This program generates a n x n lattice model with realistic population and voter preference distributions. It then gerrymanders the lattice model into a set of districts heavily favoring one party.
It uses simulated annealing and a couple of heuristics to pack districts, which is a popular method for gerrymandering.
The simulated annealing runs for 10000 iterations by default. This should take 5-15 seconds.
You can read more about gerrymandering, the lattice model, and algorithms to gerrymander here: https://ninjadenmu.github.io/
It's a 2 part series, starting with Algorithmic Gerrymandering Pt. 1: Modelling population and voter distributions, followed by Algorithmic Gerrymandering Pt. 2: Gerrymandering the Lattice Model
Run gerrymander.py to gerrymander a default region. To modify the region, generate a new Region object and pass it as region to Gerrymander.simulated_anneal. The definition of Region is in region.py.

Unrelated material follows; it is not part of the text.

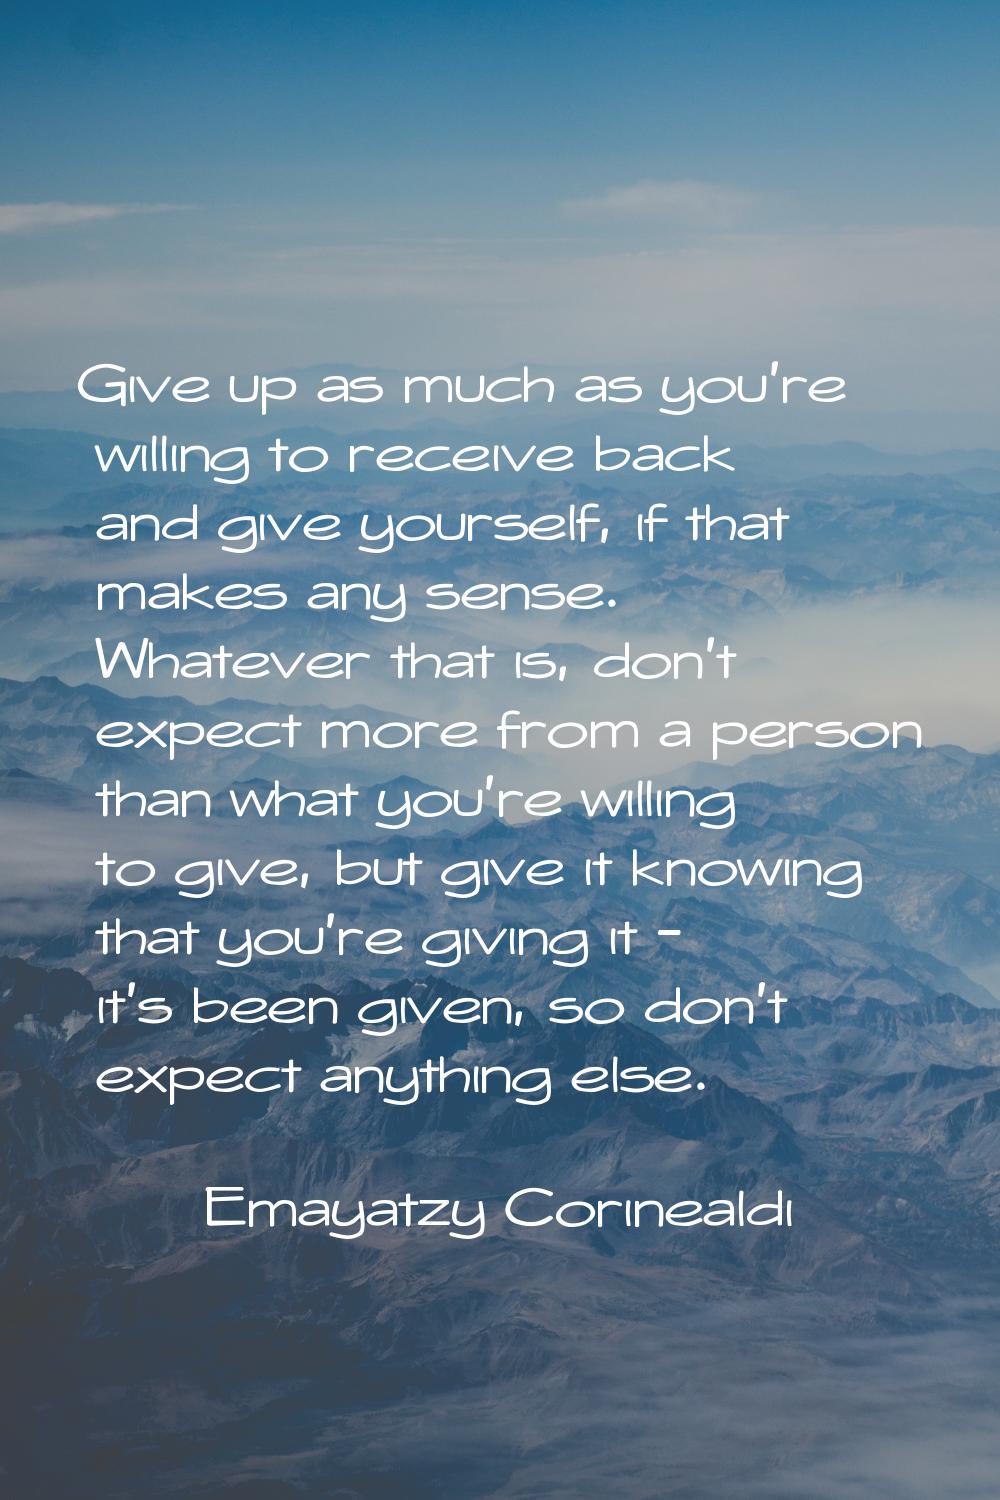 Give up as much as you're willing to receive back and give yourself, if that makes any sense. Whate

To change the number of districts generated, pass the new number of districts as districts to Gerrymander.simulated_anneal() The curve argument of Gerrymander.simulated_anneal should be a list with length districts. More positive numbers in curve favors red, more negatives favors blue. To pack districts, the majority of numbers in curve should have a small magnitude with the sign of the side to favor, and one or two districts should have a very large magnitude with the sign of the opposing side. Simulated annealing will attempt to match the voter preference of each district to one number in curve.